Intel® Quartus® Prime Software
Intel® Quartus® Prime Design Software, Design Entry, Synthesis, Simulation, Verification, Timing Analysis, System Design (Platform Designer, formerly Qsys)
16597 Discussions

Forcing loop iterations to execute sequentially

Altera_Forum
Honored Contributor II
1,494 Views

Hi all, 

 

I have some code that has a nested for loop in a single work item kernel like so: 

 

__local lmem[M][2]; // ping pong buffer 

 

for (uint outer = 0; outer < N; ++outer) 

{__private wr_bank_sel = outer & 0x1; 

__private rd_bank_sel = !(outer & 0x1); 

for (uint inner =0; inner < M; ++inner) 

{  

 

lmem[inner][wr_bank_sel] = lmem[inner][rd_bank_sel] * 10.0f/(inner + outer); // placeholder math op but real dependencies 

 

 

 

The code above worked in the emulator but failed in hardware.
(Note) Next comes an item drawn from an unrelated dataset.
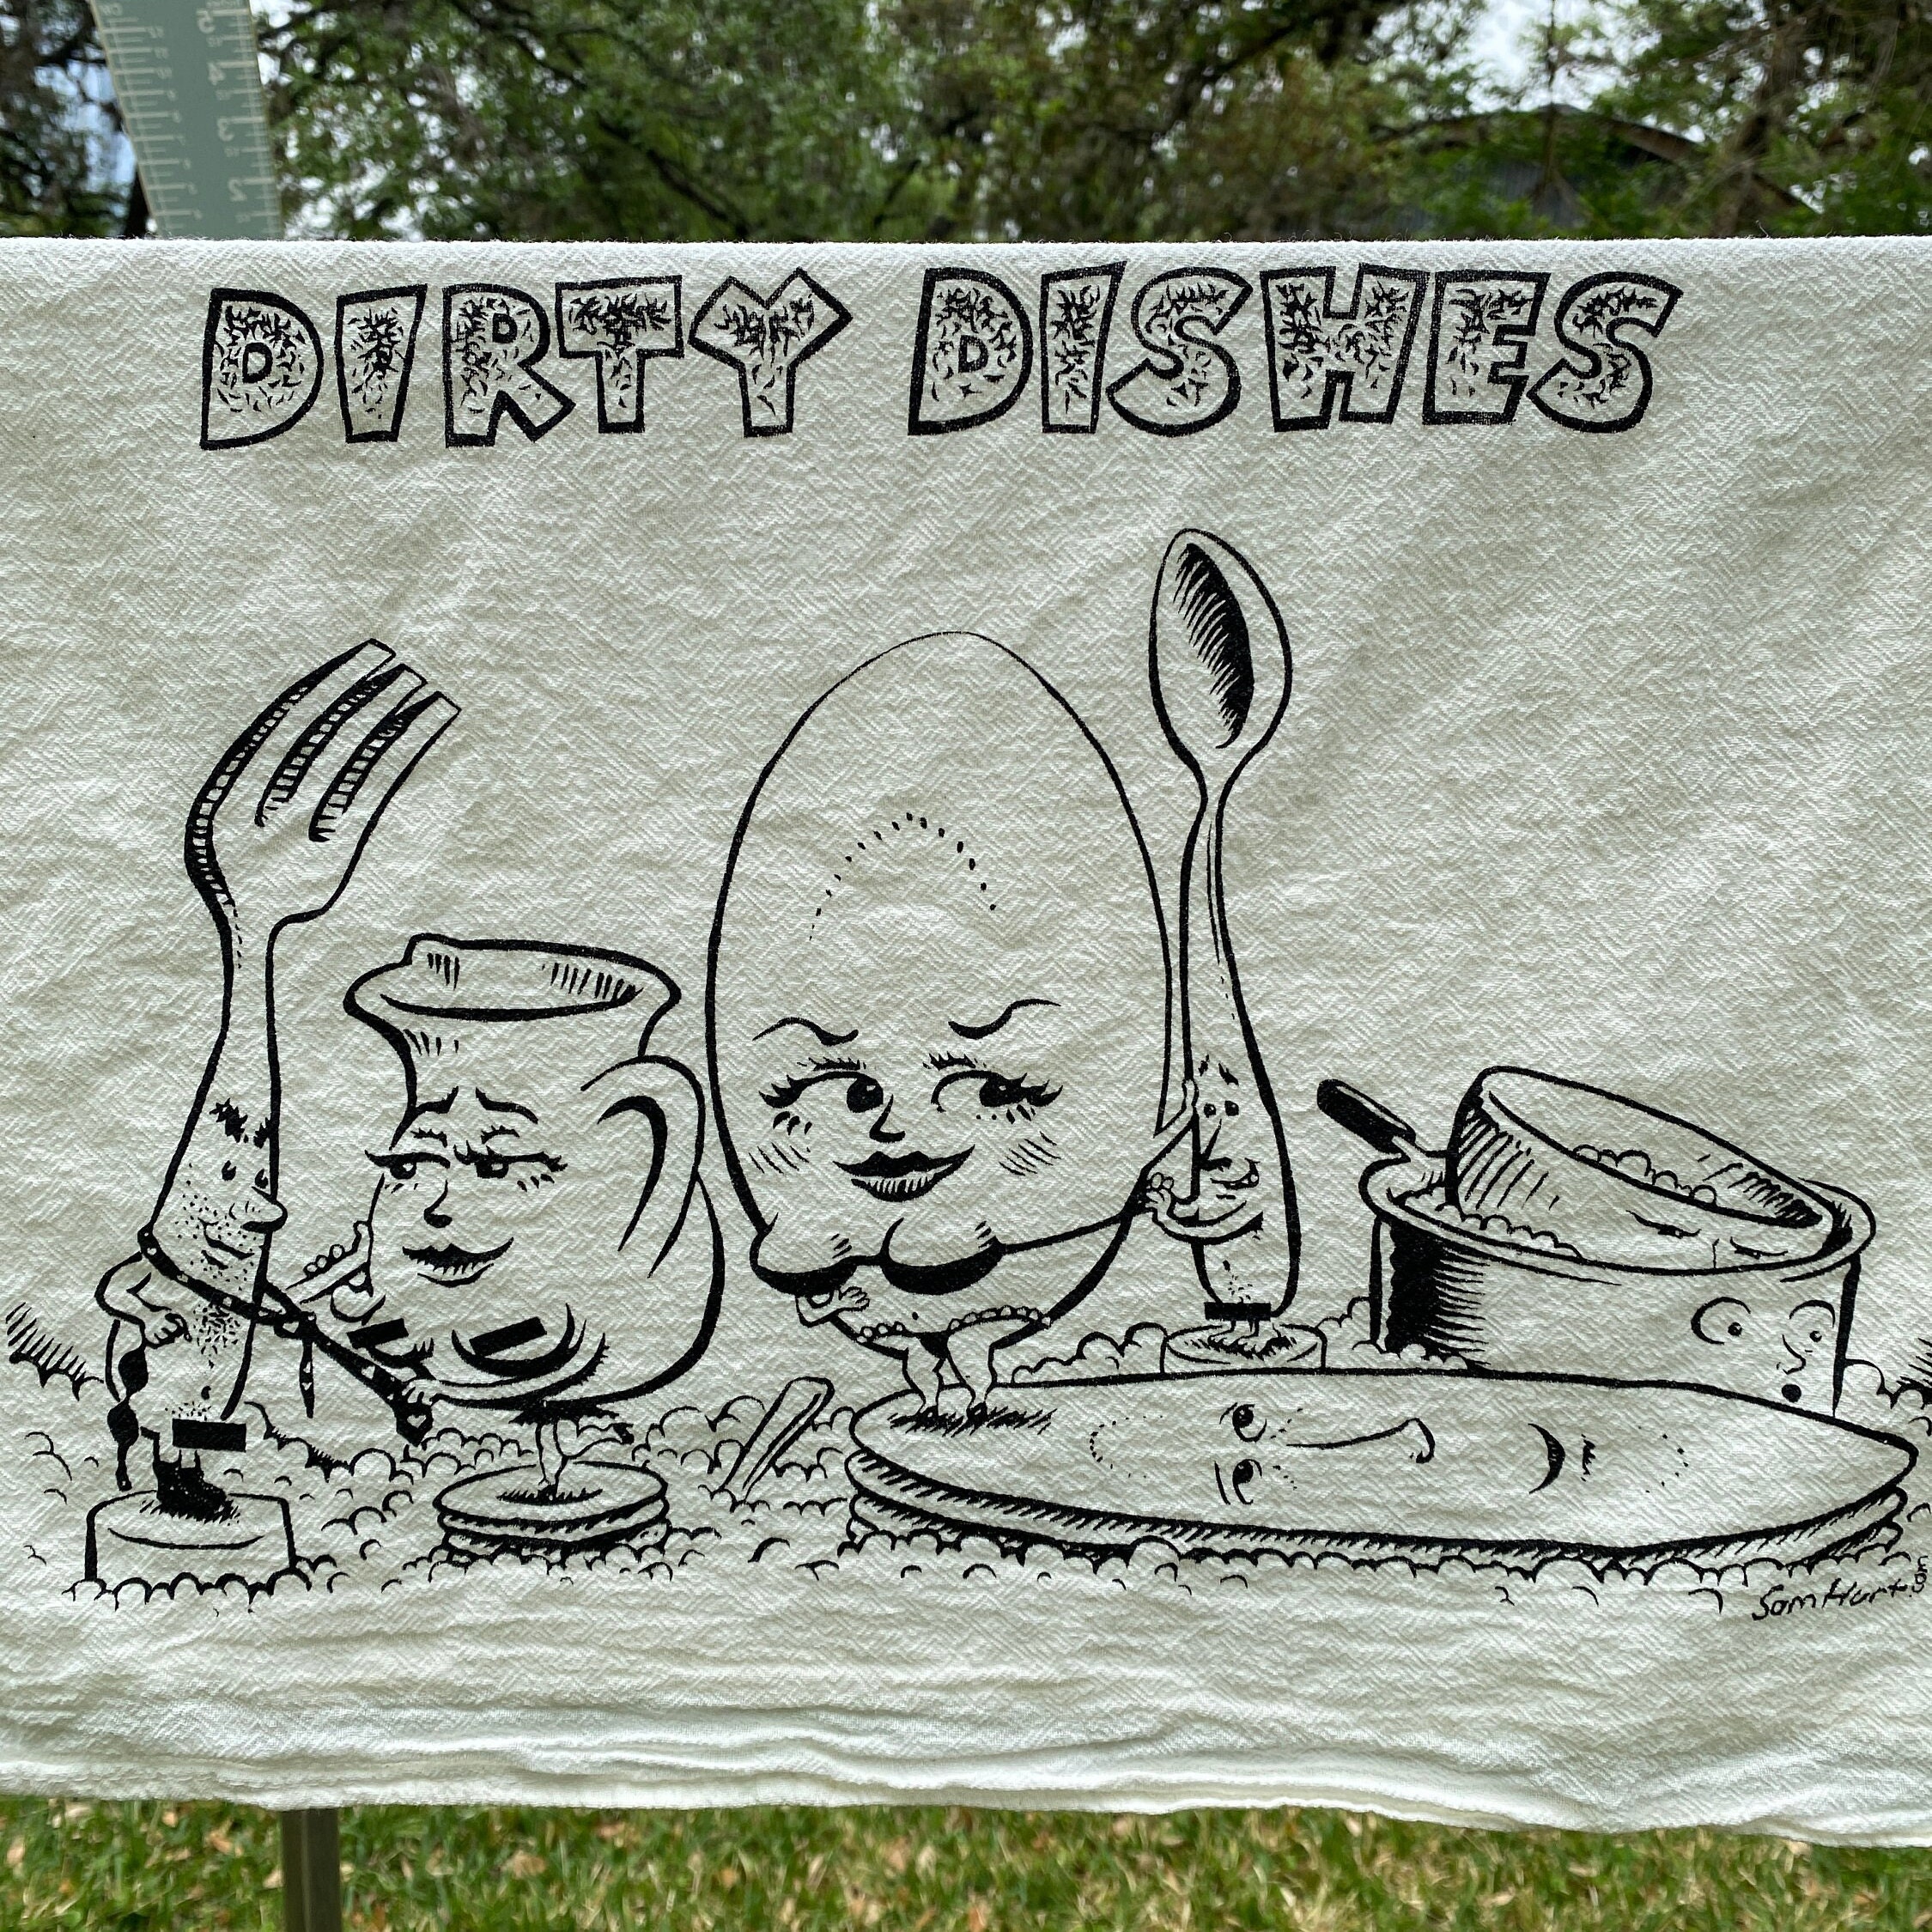 Dirty Dishes Funny Tea Towel – Designing Moments

After much digging via printf statements, what I discovered was the outer loop and inner loop both executing out of order simultaneously! I.E. 
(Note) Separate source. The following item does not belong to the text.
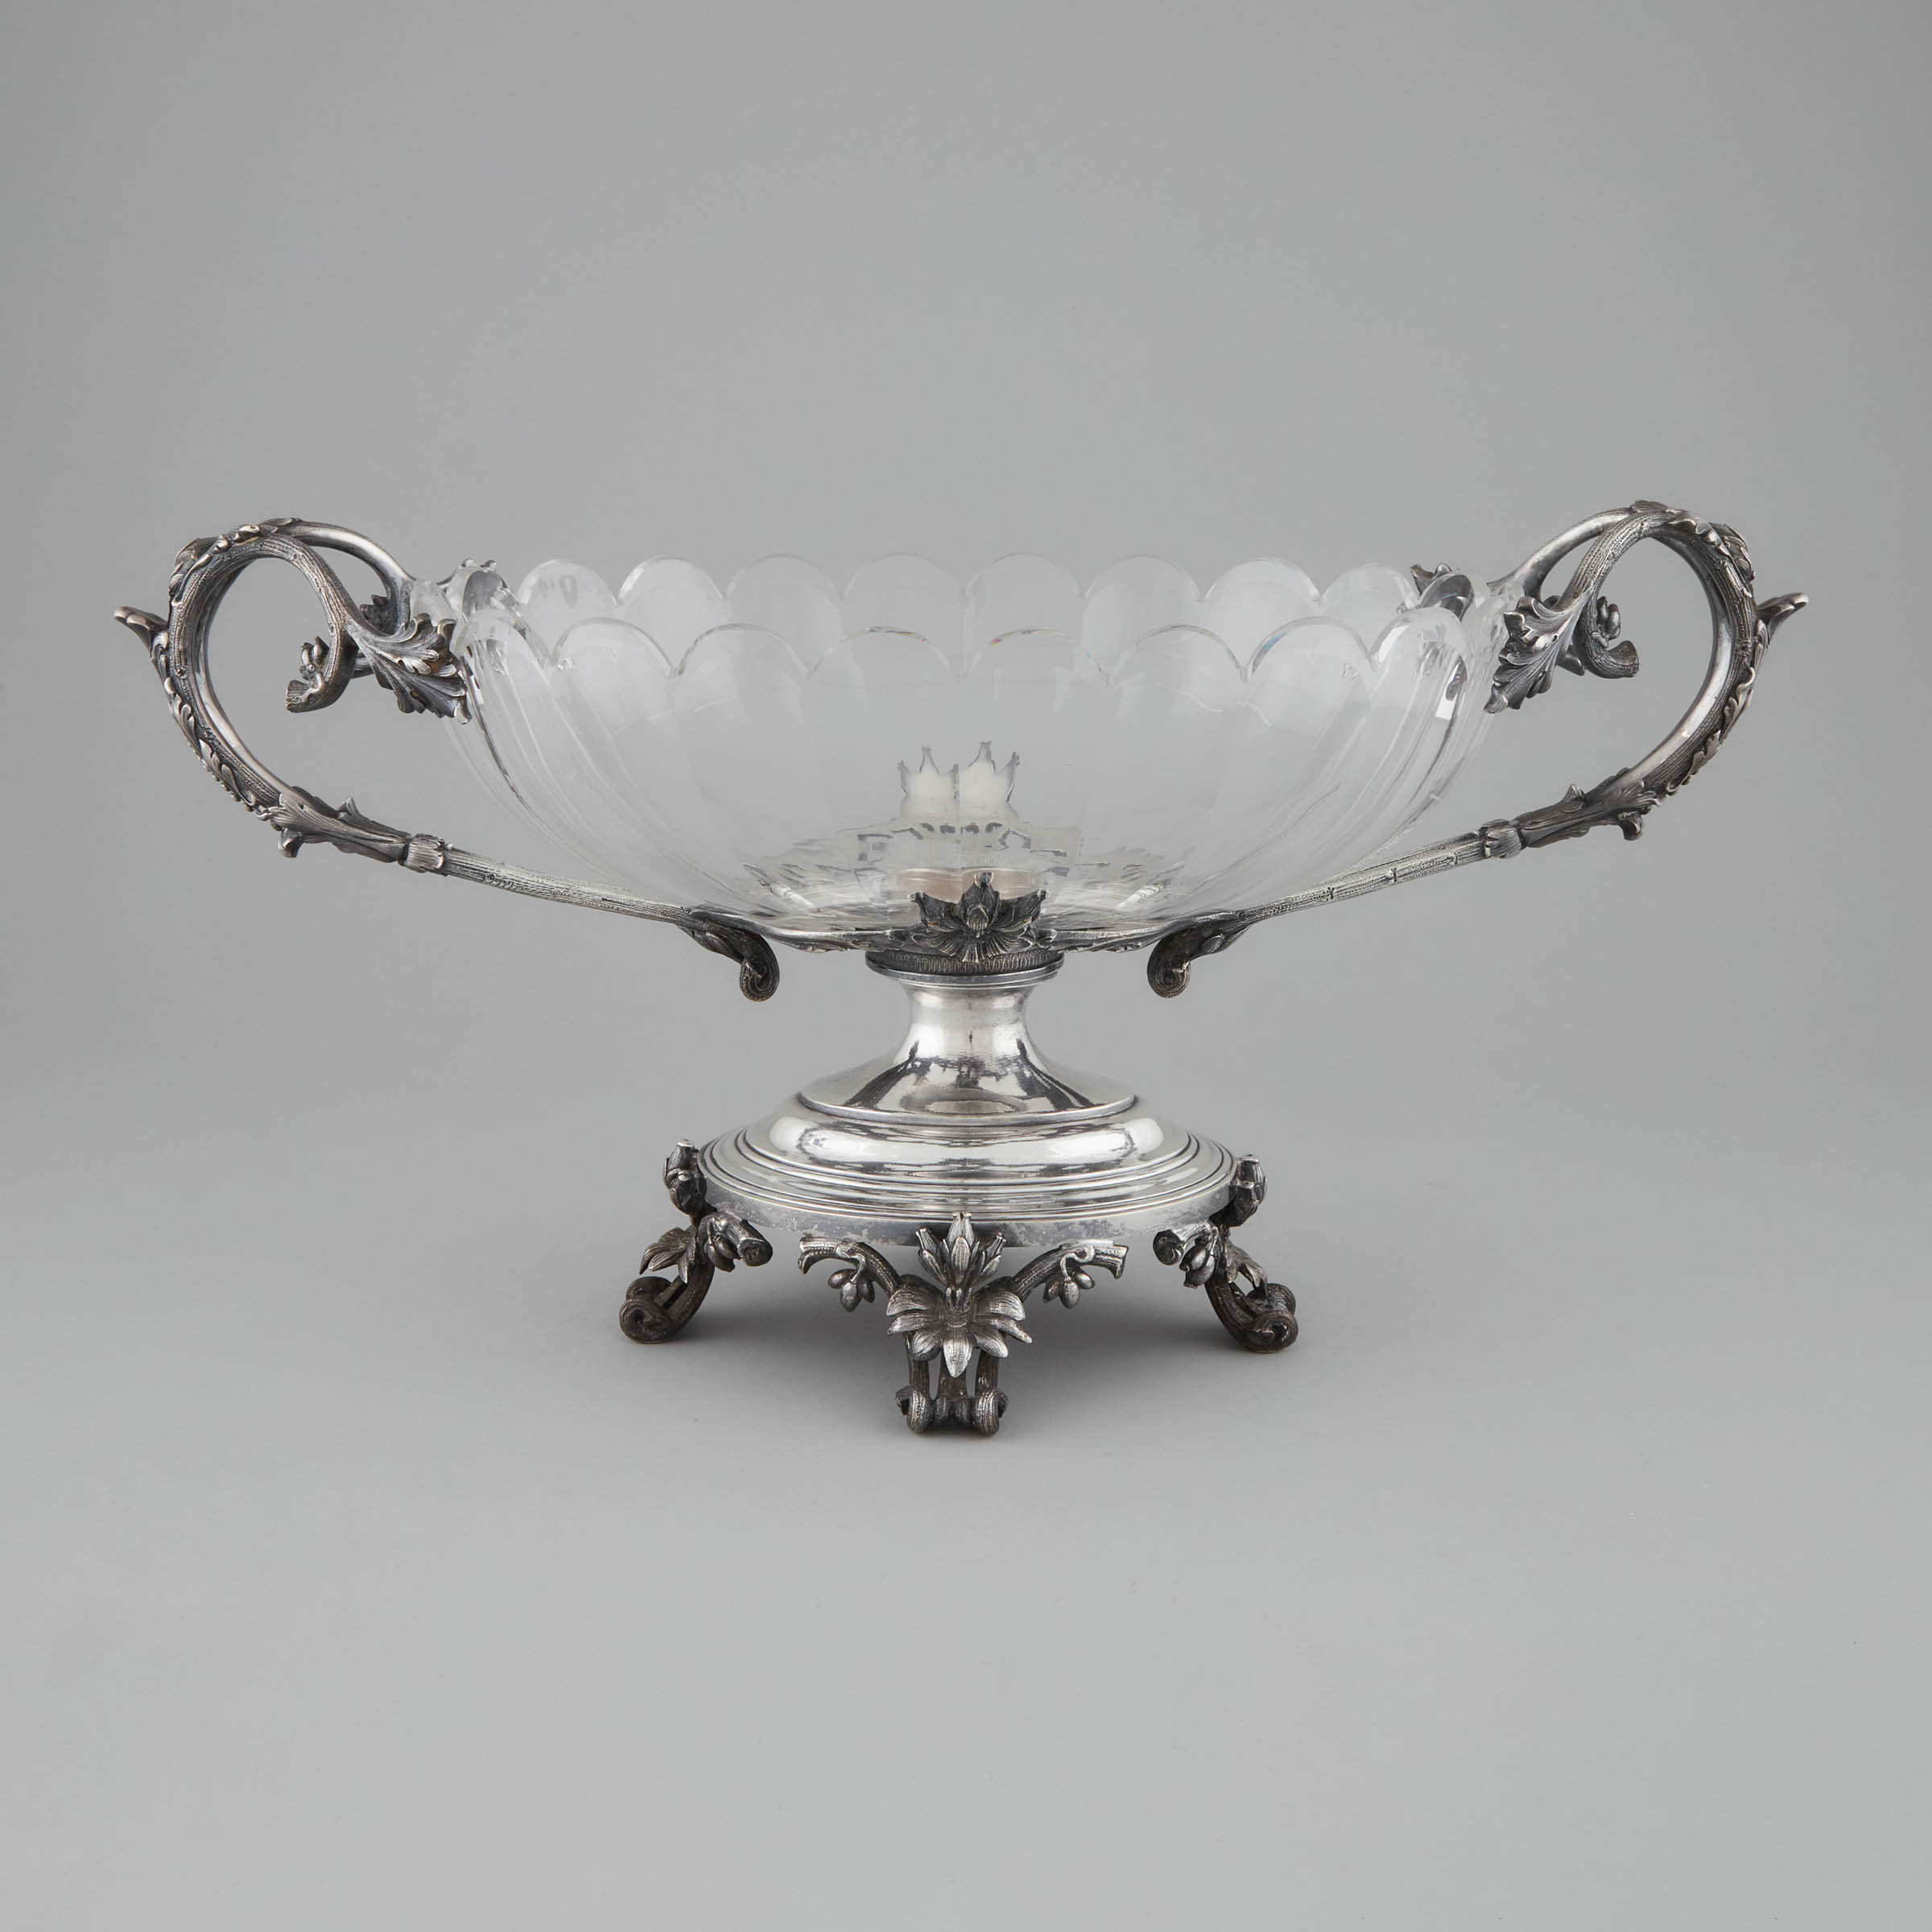 Large Continental Silver Plated and Cut Glass Oval Centrepiece Bowl, late 19th century

[outer = 0, inner = 0] -> [outer = 1, inner = 0] -> [outer = 2, inner = 0] -> [outer = 0, inner = 1] -> [outer = 3, inner = 0], etc  

when it should be: 

[outer = 0, inner = 0] -> [outer = 0, inner = 1] -> [outer = 0, inner = 2] -> [outer = 0, inner = M-1]-> [outer = 1, inner = 0], etc. 

 

i'm fine with the inner loop executing out of order but the outer loop executing out of order at the same time obviously doesn't work with a ping pong buffer strategy. 

 

I've tried mem_fences which don't appear to have any effect (I've tried CLK_GLOBAL_MEM_FENCE, CLK_LOCAL_MEM_FENCE, CLK_CHANNEL_MEM_FENCE and combinations of those). 

 

What does seem to work is adding an unnecessary channel in my outer loop. This modification looks like the following: 

 

__local lmem[M][2]; // ping pong buffer 

 

for (uint outer = 0; outer < N; ++outer) 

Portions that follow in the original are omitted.